Ibm Spss [better] May 2026
Verdict: 8.2/10 (Excellent for its target audience, but not for everyone)
SPSS handles labeled survey data exceptionally well. You can define "1 = Male, 2 = Female," and all outputs will show the labels, not just numbers. It includes robust tools for recoding, computing new variables, and handling missing data (e.g., pairwise vs. listwise deletion). ibm spss
SPSS chokes on datasets over a few hundred thousand rows. It has basic machine learning (decision trees, neural nets, random forests in the add-on modules), but nothing like XGBoost, TensorFlow, or even scikit-learn. For deep learning or distributed computing (Hadoop/Spark), look elsewhere. Verdict: 8
However, the software industry has moved on. Modern, free, GUI-based alternatives (like JASP) offer the same ease with better graphics. And the programming world (R/Python) offers infinite flexibility at zero cost. IBM's slow innovation and high prices mean SPSS is no longer a wise personal investment. listwise deletion)

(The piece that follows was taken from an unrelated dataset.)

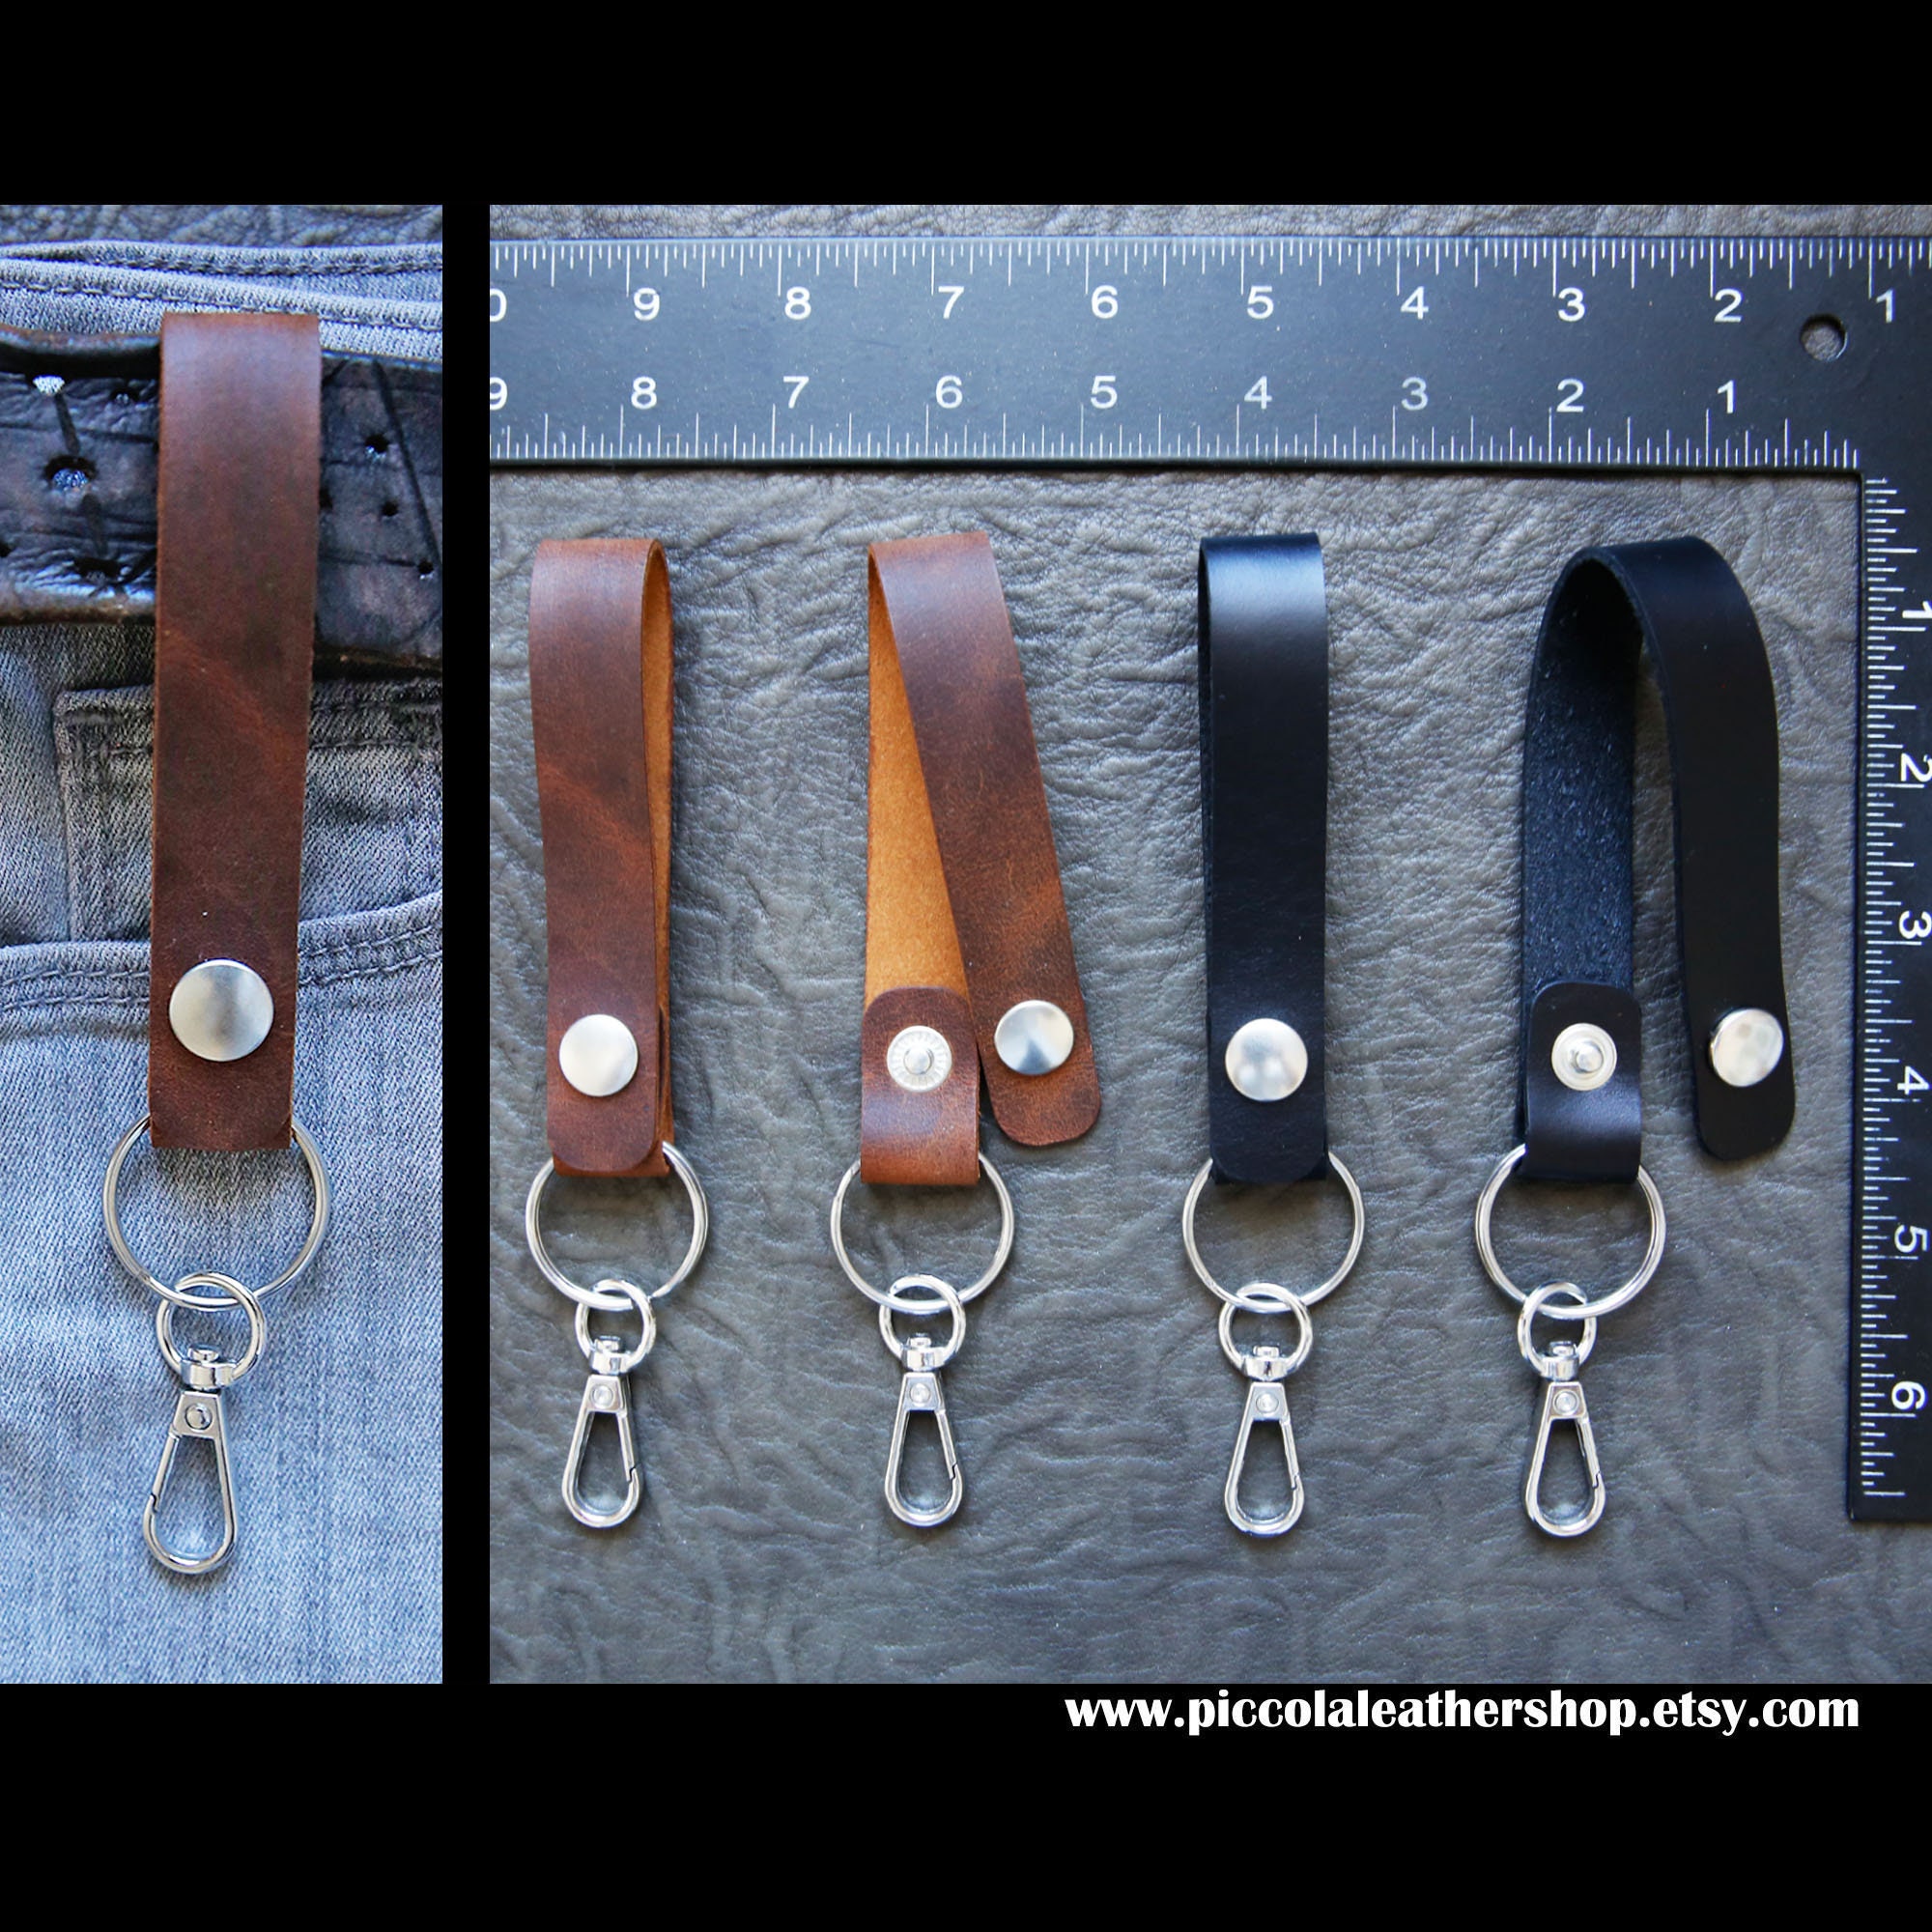 How To: Make These DIY Leather Keychain Fobs

While you can create publication-ready charts, the default outputs look like they are from 2005: gray backgrounds, basic colors, and non-intuitive editing. Compare this to the beautiful, interactive ggplot2 outputs from R or Python’s Seaborn. You will likely export SPSS data to another tool for final visualizations.
This is where SPSS shows real sophistication. Every click can be pasted into a Syntax window. This creates a reproducible script. You can save this syntax, modify it, and rerun analyses in one click. The Output viewer is a clean, navigable tree of tables and charts that you can edit directly, export to Word/Excel, or copy as an image.